Purpose : Glucose Metabolism plays a pivotal role in maintaining the normal function of the neural retina. Dysfunction of glucose metabolism is a feature of several macular diseases. However, whether glucose metabolism in the macula is different from the rest of the retina is still not clear. We have established a unique human neuroretinal explant system to study the differences in glucose metabolism between the human macula and peripheral retina.

Methods : C¹³ glucose was incubated with human macular explants from six donors for 2 and 4 hours. Downstream metabolites were extracted from the cultured neuroretina and analysed by Gas Chromatography Mass Spectroscopy. Results were compared with samples of peripheral retina of the same eye. We also studied the differential expression levels of key enzymes in glucose metabolism from the macula and peripheral retina by western blot.

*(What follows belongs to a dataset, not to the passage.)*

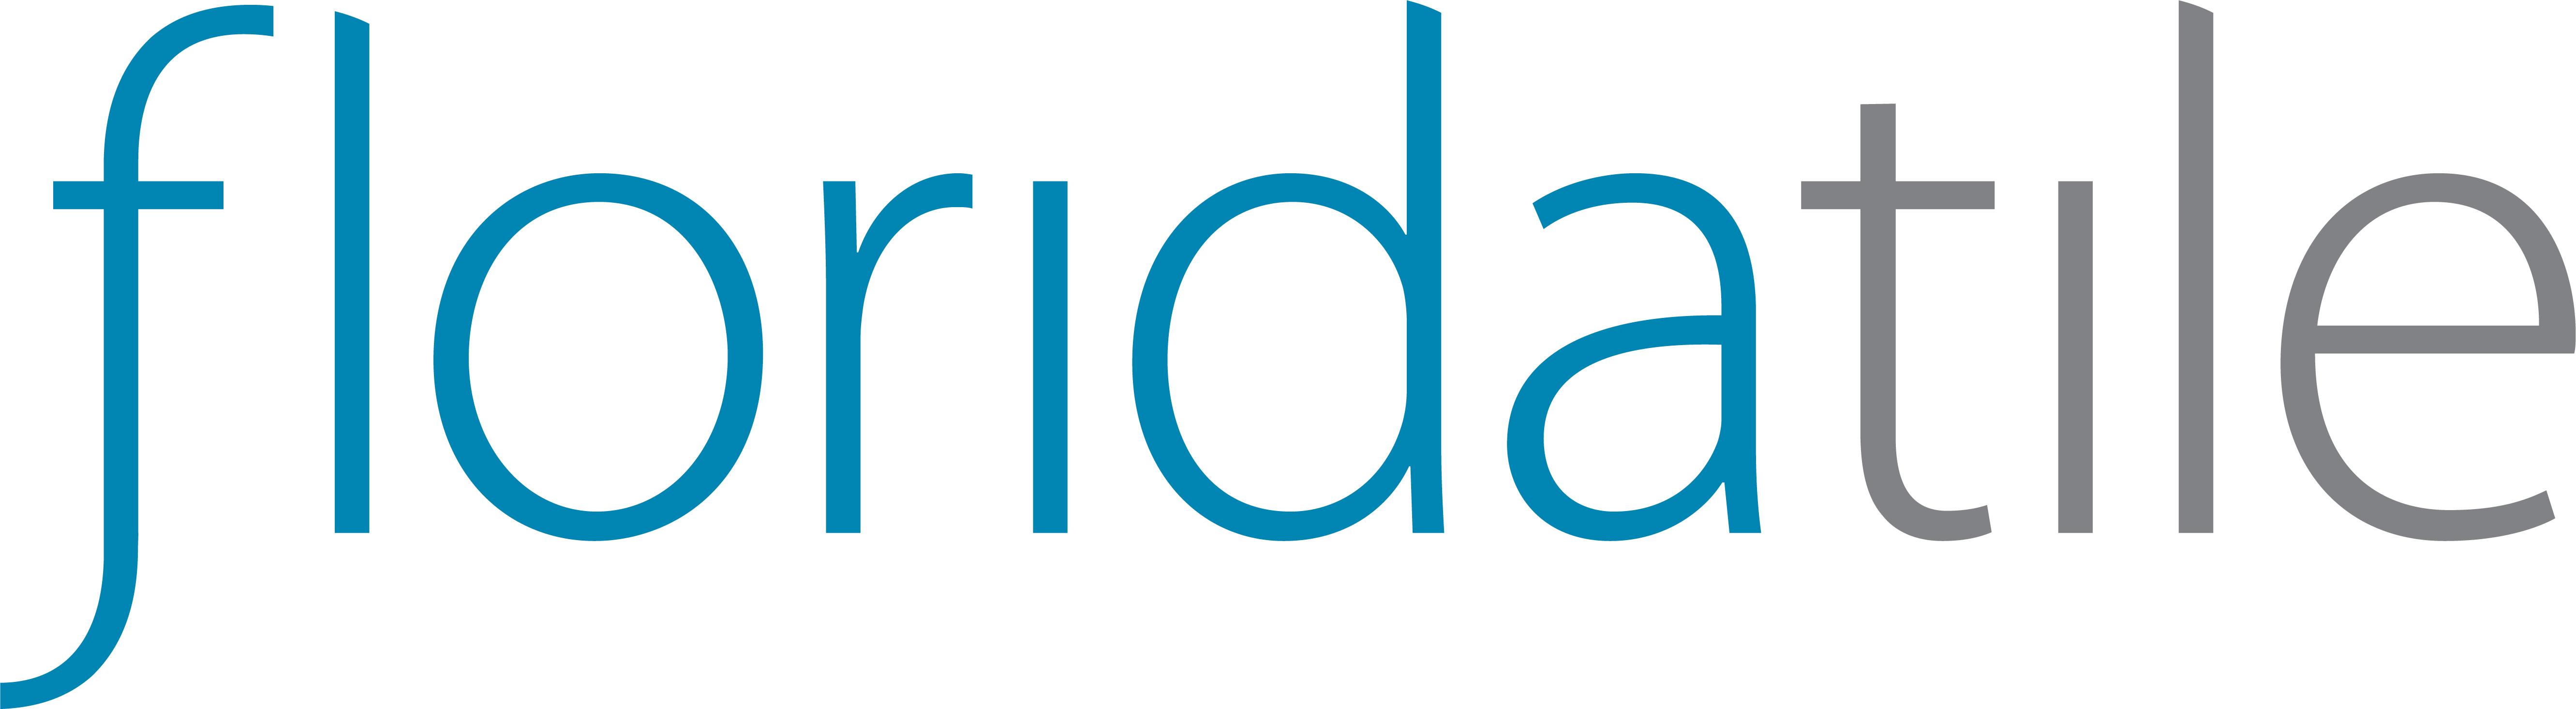 Florida Tile Logo

Results : We found significant differences in the proportions of C¹³ glucose labeled metabolites between the macula and peripheral neuroretina. The biosynthesis rates of lactate and pyruvate were significantly higher, but phosphoenolpyruvate was significantly lower, in the macula than in the peripheral retina. This was consistent with the observation of significantly higher protein expression levels of Pyruvate Kinase M2 and Lactate Dehydrogenase A in the macula compared with the peripheral retina. We also found the biosynthesis of major metabolites in the tricarboxylic acid (TCA) cycle, α-ketoglutarate, glutamate, and succinate, were significantly lower in macular than peripheral neuroretina.

Conclusions : The human macula metabolises glucose differently than the rest of the retina. We found that glucose was metabolized more by glycolysis in the macula and more by oxidative phosphorylation in the peripheral retina. This difference may explain at least in part why the macula is more susceptible to disease than the rest of the retina.

This is a 2020 ARVO Annual Meeting abstract.